§ **MATERIAL PROVIDED**:
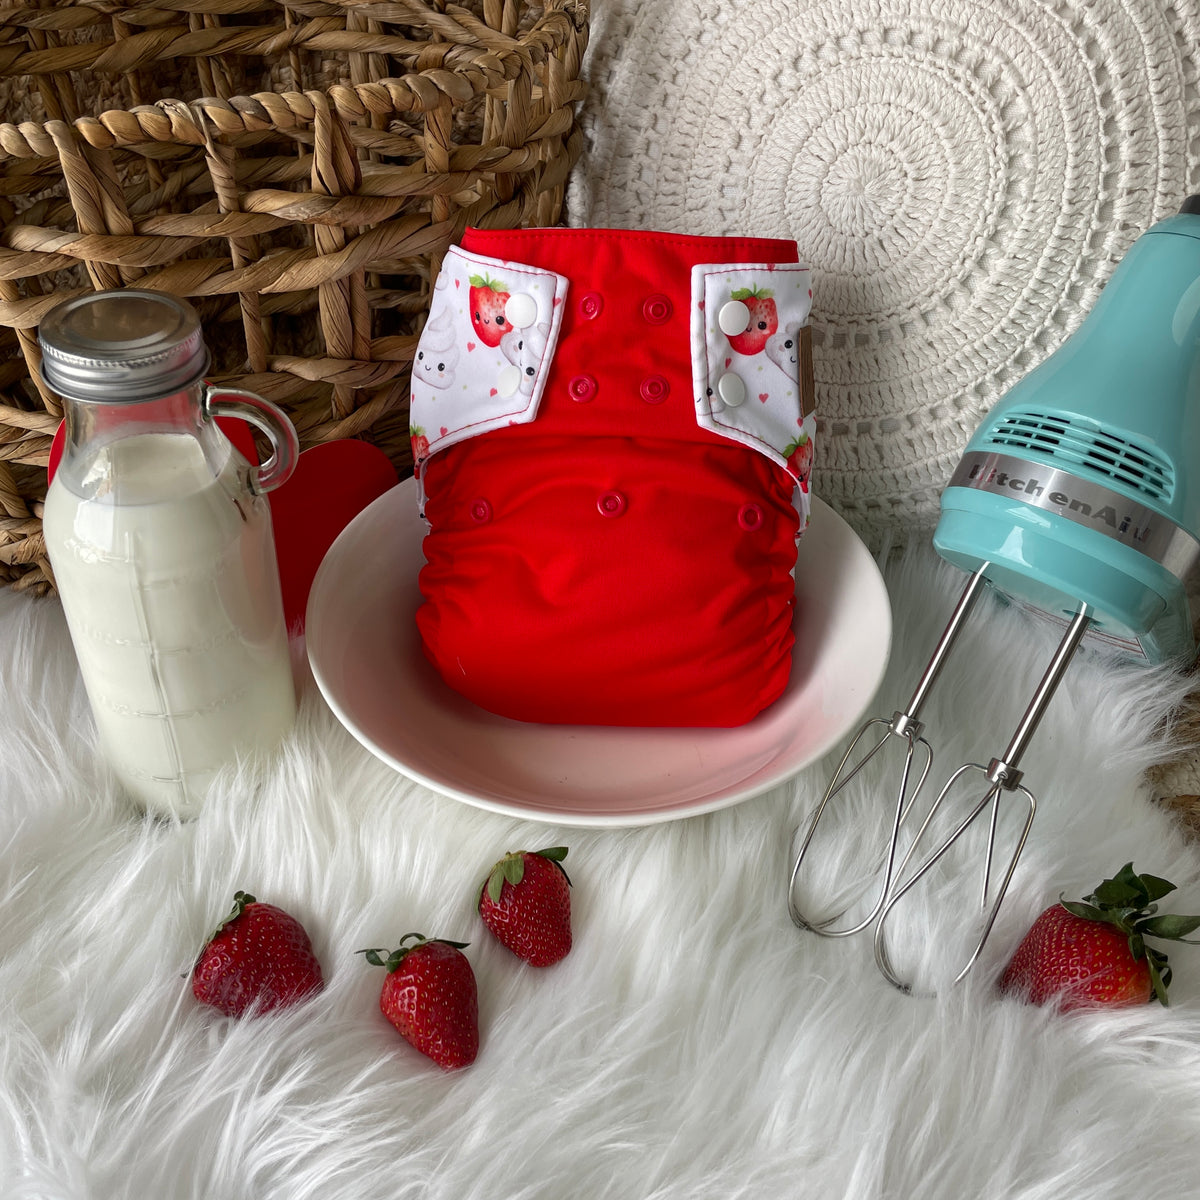 Les Confections Lili | Washable diaper | GRANDE taille | The love birds - Strawberry & Cream (wrap)
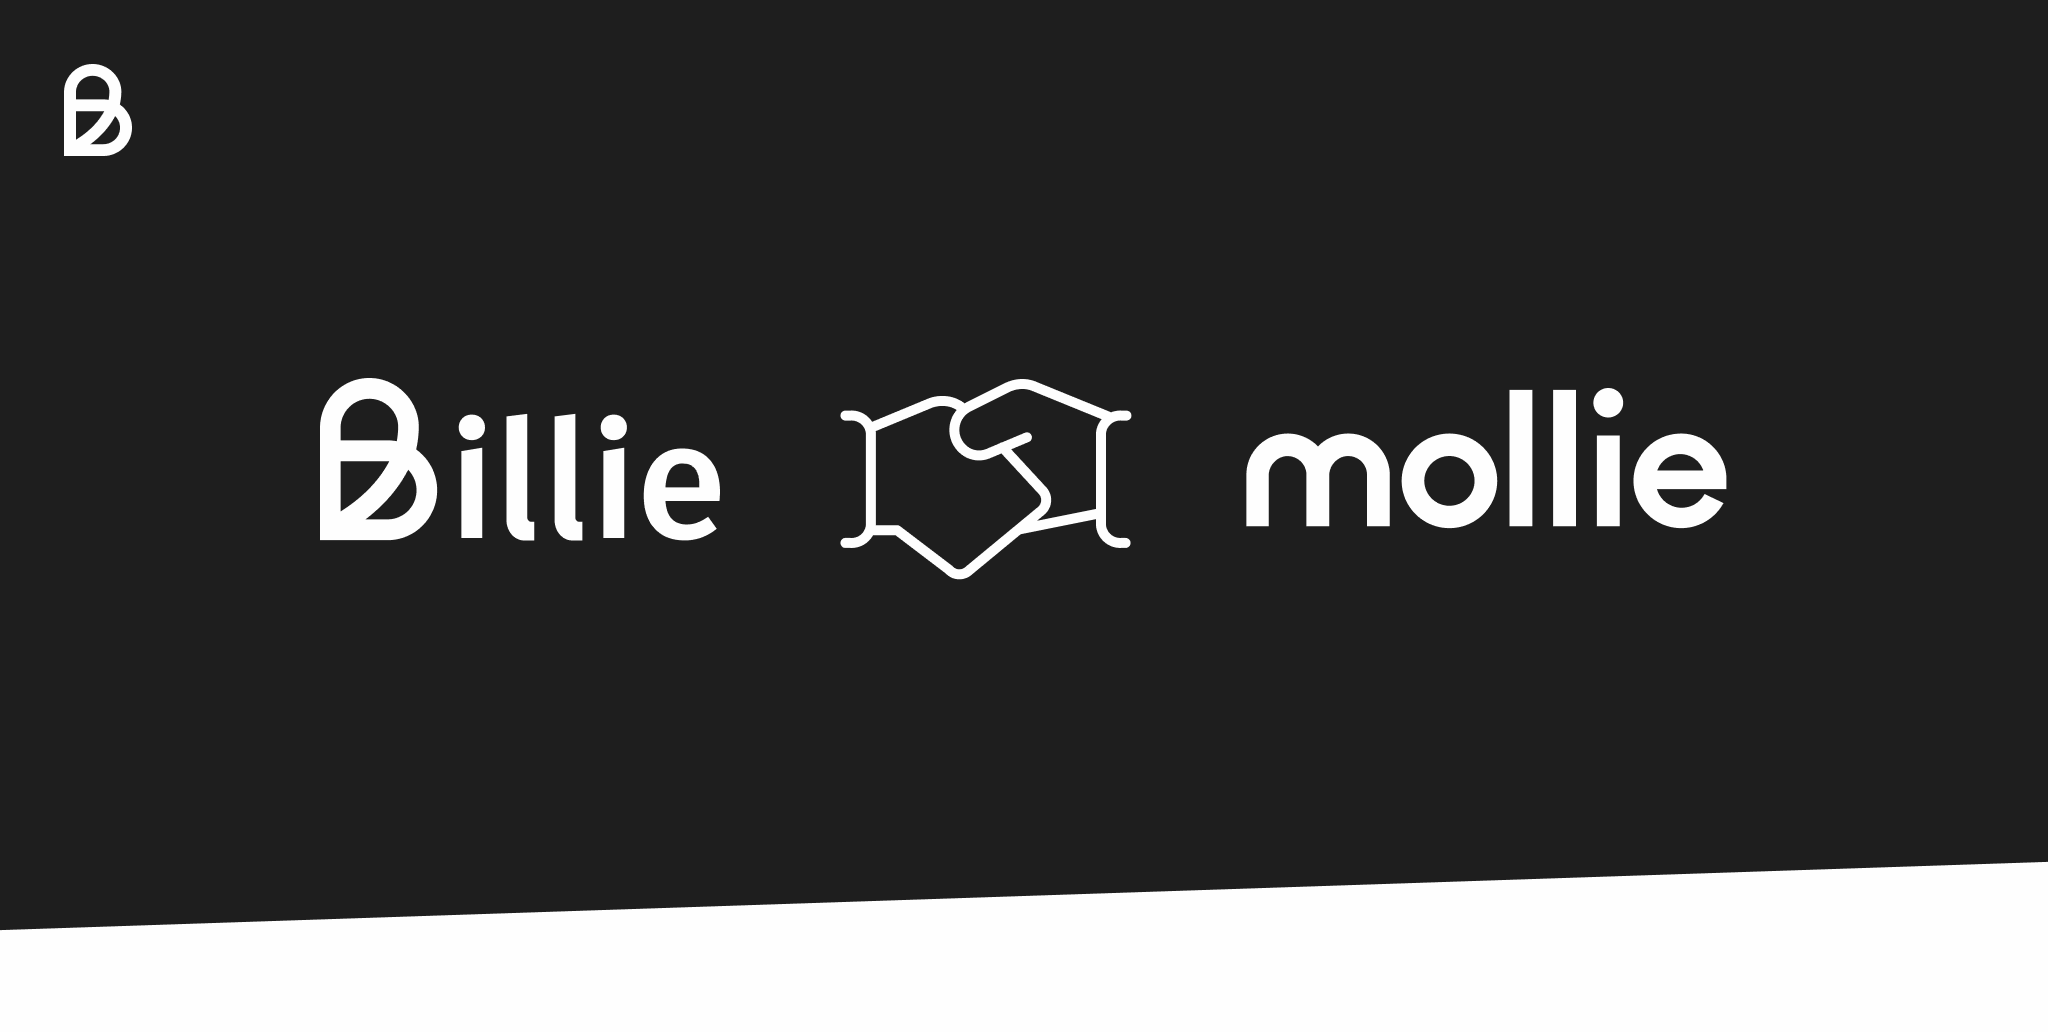 Billie-Mollie-Partnership
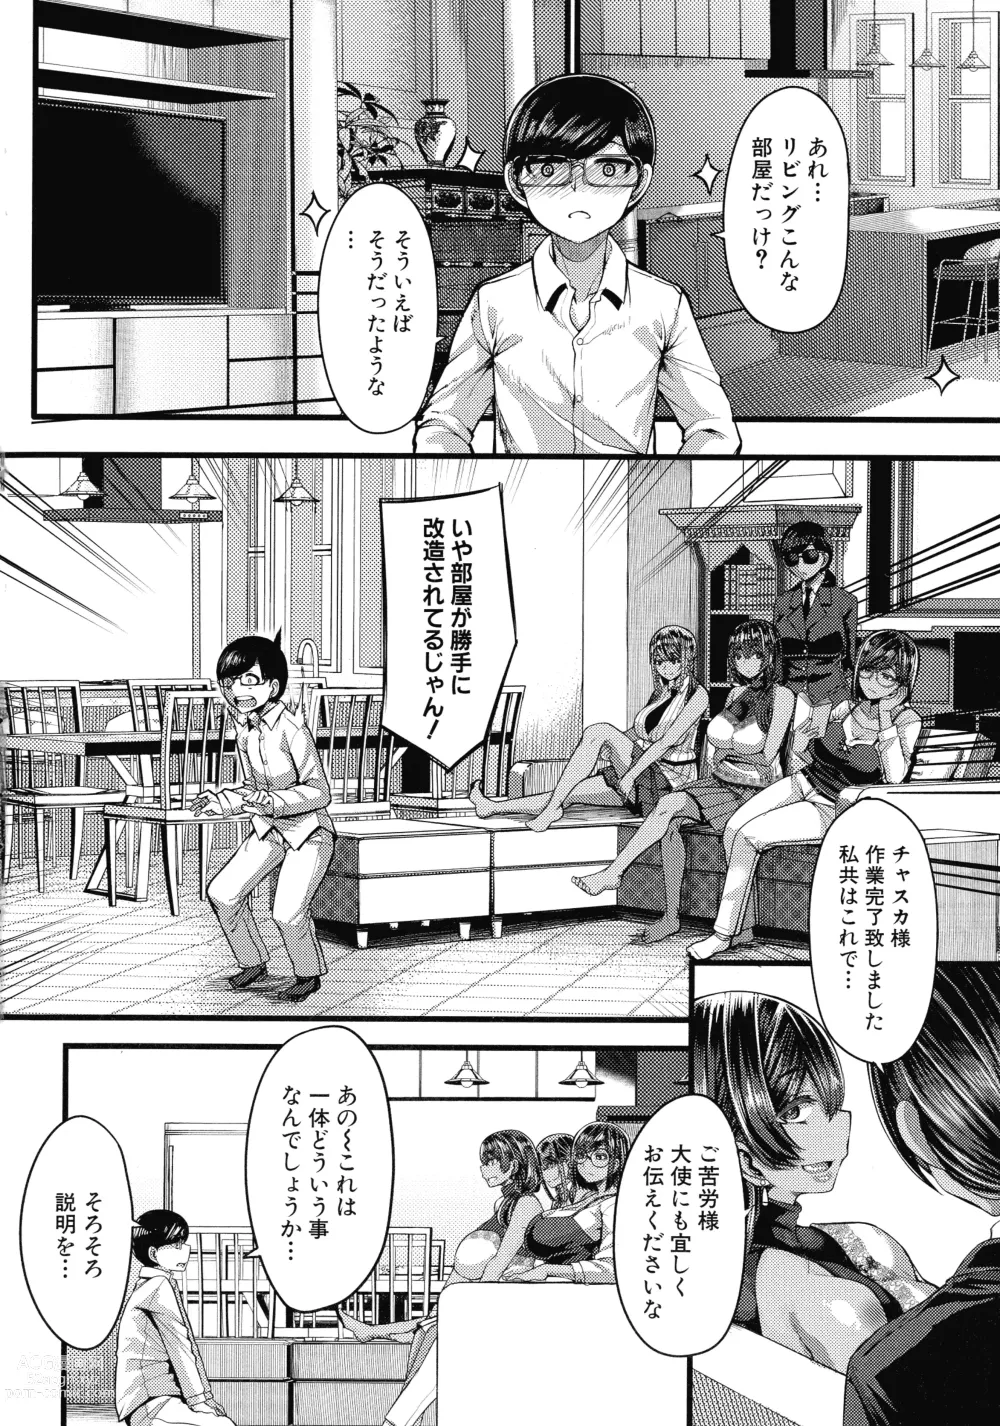 Page 7 of manga Kasshoku Hime to Himitsu no Keiyaku
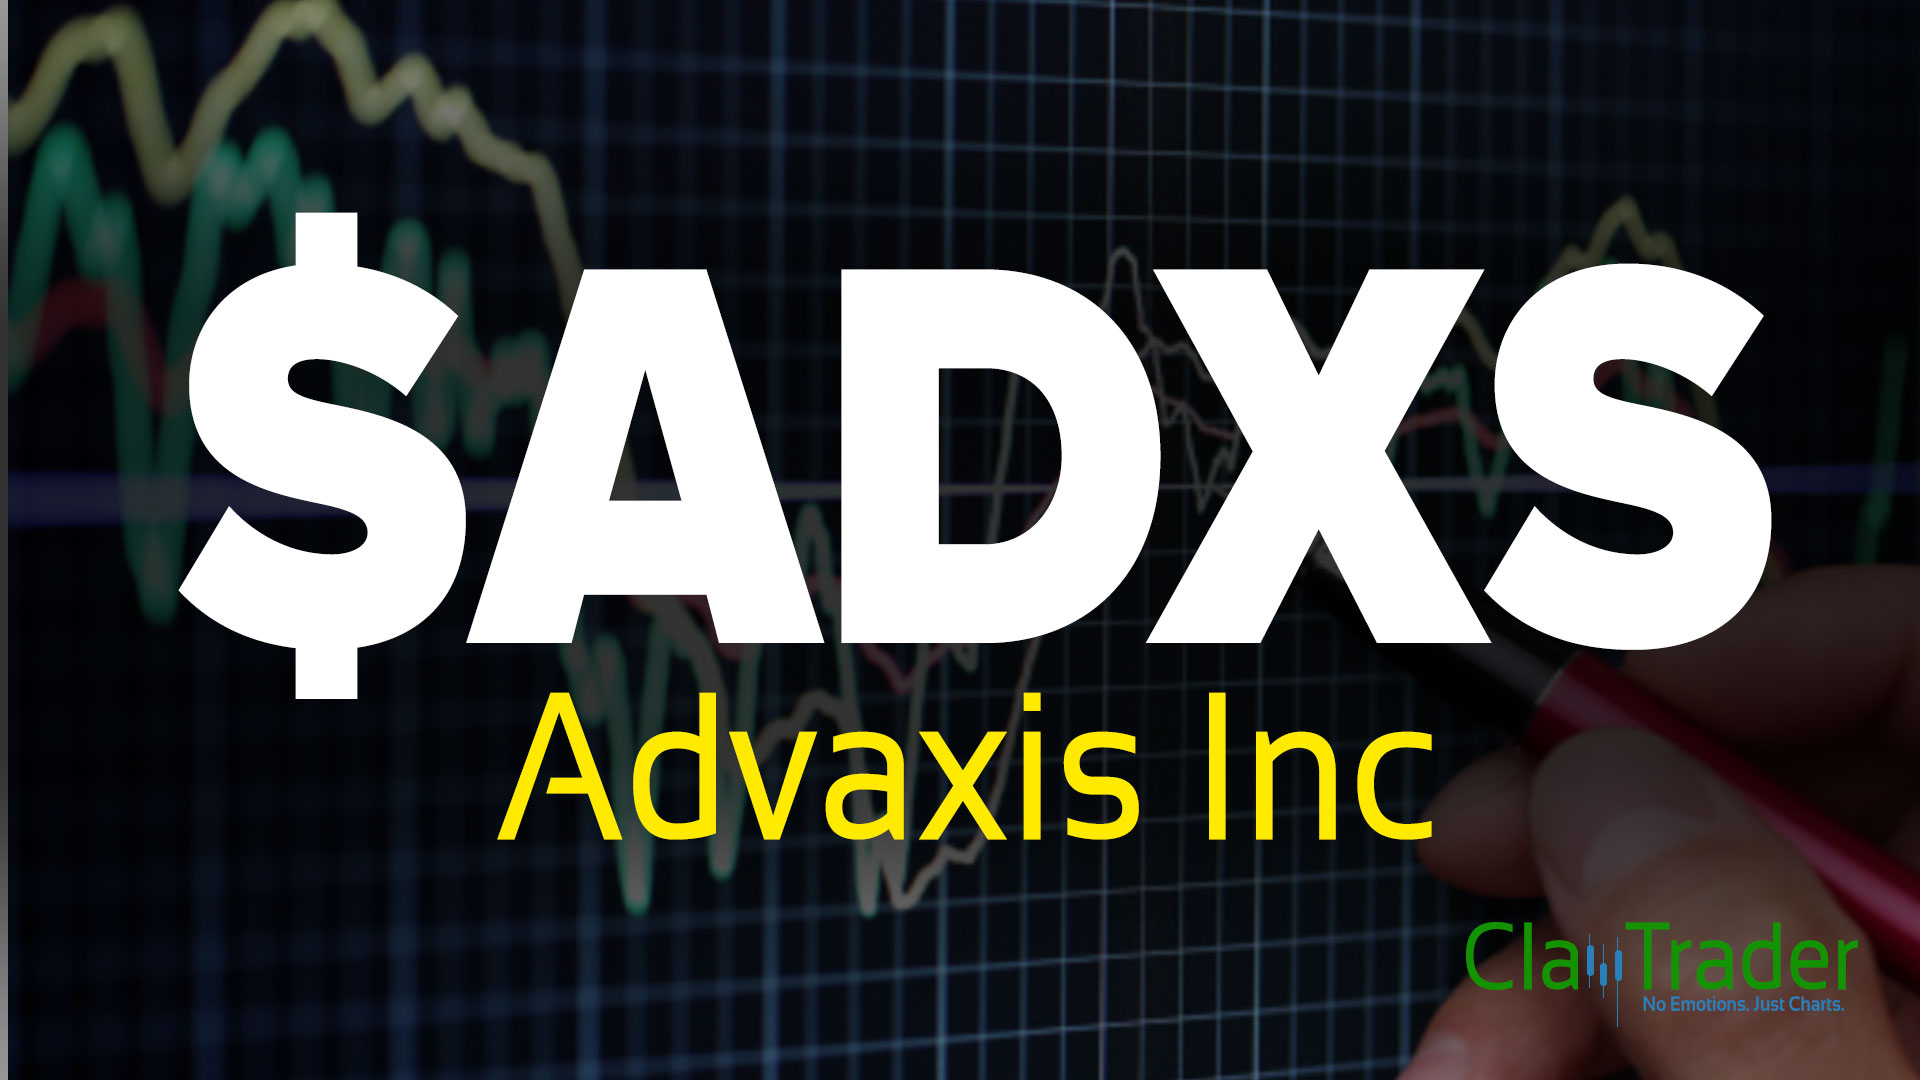 Adxs Stock Chart
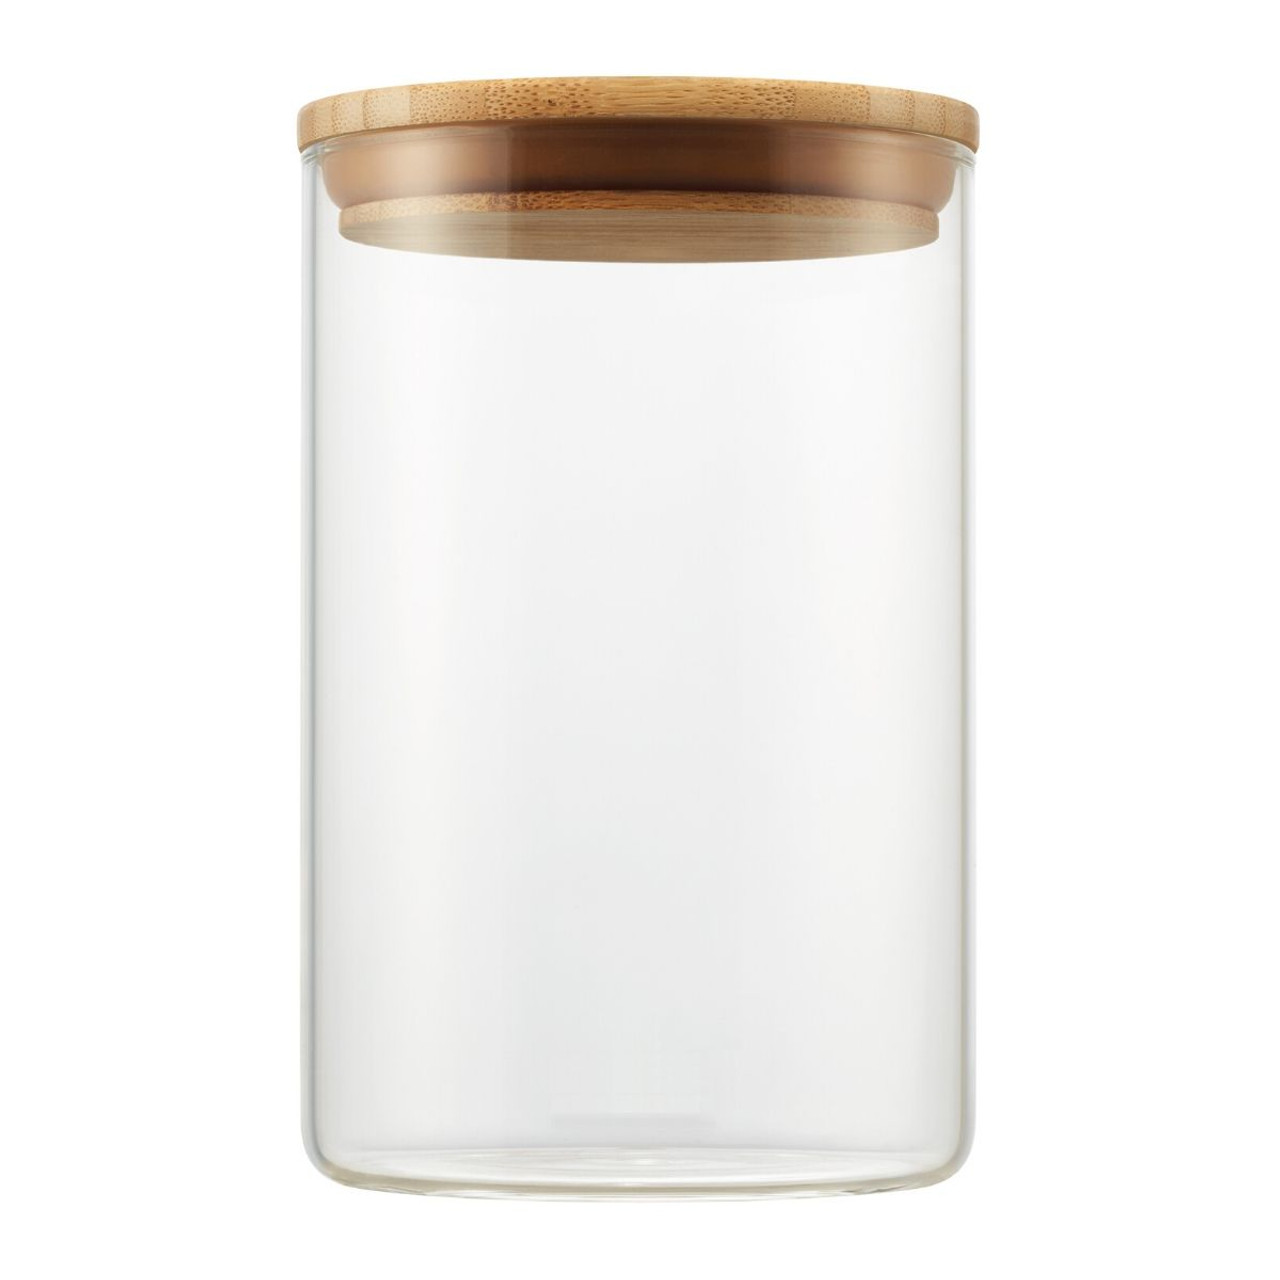 Green Bamboo Glass Cup - Crystal Glass - Capacity 8.5 oz - ApolloBox

§ **ACTION ITEM**:
Print each record exactly as it stands, omitting the pictures.

§ **ANSWER SECTION**:
 Les Confections Lili | Washable diaper | GRANDE taille | The love birds - Strawberry & Cream (wrap)
 Billie-Mollie-Partnership
 Page 7 of manga Kasshoku Hime to Himitsu no Keiyaku
 Adxs Stock Chart
 Green Bamboo Glass Cup - Crystal Glass - Capacity 8.5 oz - ApolloBox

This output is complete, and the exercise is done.